Looks like cxgb3 is hitting this WARN_ON_ONCE: /* * In the slowpath, we sanity check order to avoid ever trying to * reclaim >= MAX_ORDER areas which will never succeed. Callers may * be using allocators in order of preference for an area that is * too large. */ if (order >= MAX_ORDER) { WARN_ON_ONCE(!(gfp_mask & __GFP_NOWARN)); return NULL; }
As a data point, that box has since been re-imaged with RHEL 6.4. The stack trace doesn't show up there. (guess it's in newer code) :D
*********** MASS BUG UPDATE ************** We apologize for the inconvenience. There is a large number of bugs to go through and several of them have gone stale. Due to this, we are doing a mass bug update across all of the Fedora 18 kernel bugs. Fedora 18 has now been rebased to 3.11.4-101.fc18. Please test this kernel update (or newer) and let us know if you issue has been resolved or if it is still present with the newer kernel. If you have moved on to Fedora 19, and are still experiencing this issue, please change the version to Fedora 19. If you experience different issues, please open a new bug report for those.

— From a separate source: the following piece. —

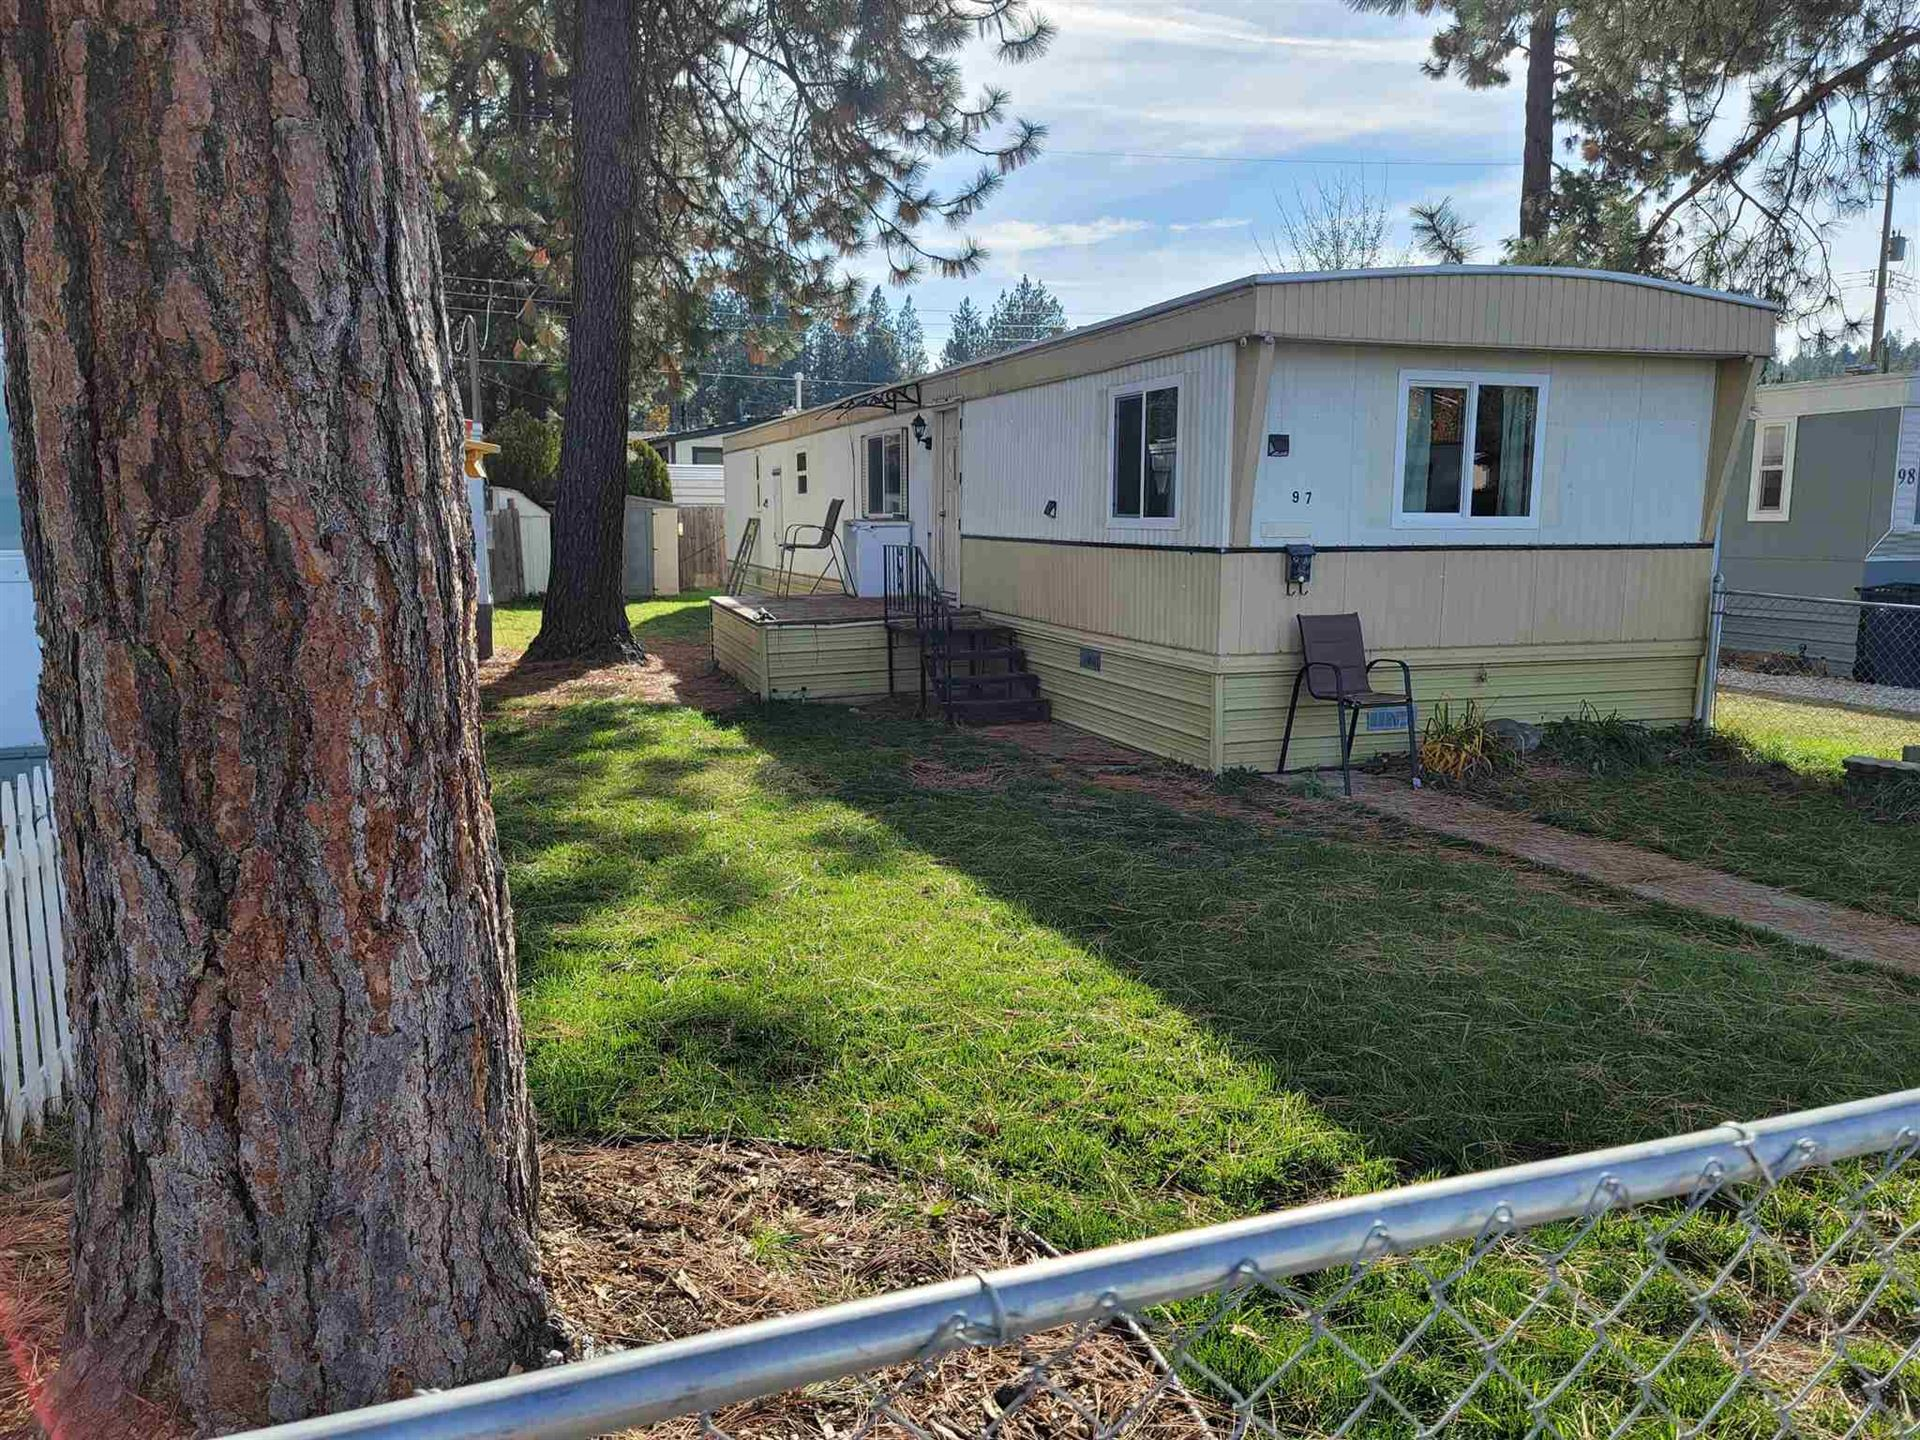 9518 E 4th Ave #97, Spokane Valley, WA 99206-3058 - #: 202123115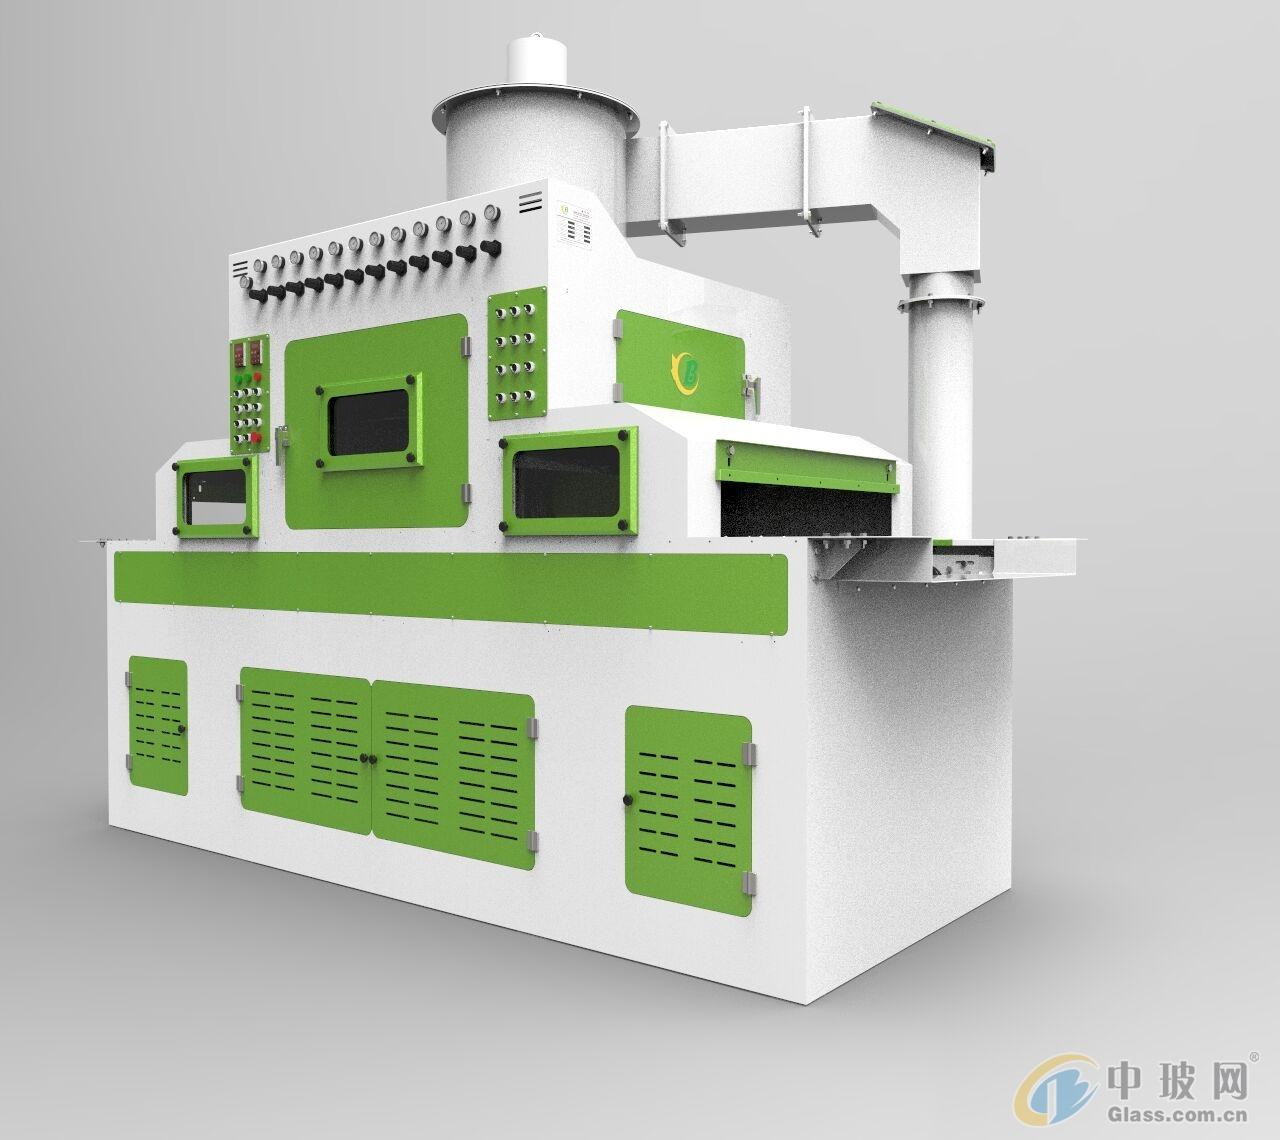 供应PET膜专用喷砂机,PT膜喷砂机,光膜喷砂机

*********** MASS BUG UPDATE ************** We apologize for the inconvenience. There is a large number of bugs to go through and several of them have gone stale. It has been over a month since we asked you to test the 3.11 kernel updates and let us know if your issue has been resolved or is still a problem. When this happened, the bug was set to needinfo. Because the needinfo is still set, we assume either this is no longer a problem, or you cannot provide additional information to help us resolve the issue. As a result we are closing with insufficient data. If this is still a problem, we apologize, feel free to reopen the bug and provide more information so that we can work towards a resolution If you experience different issues, please open a new bug report for those.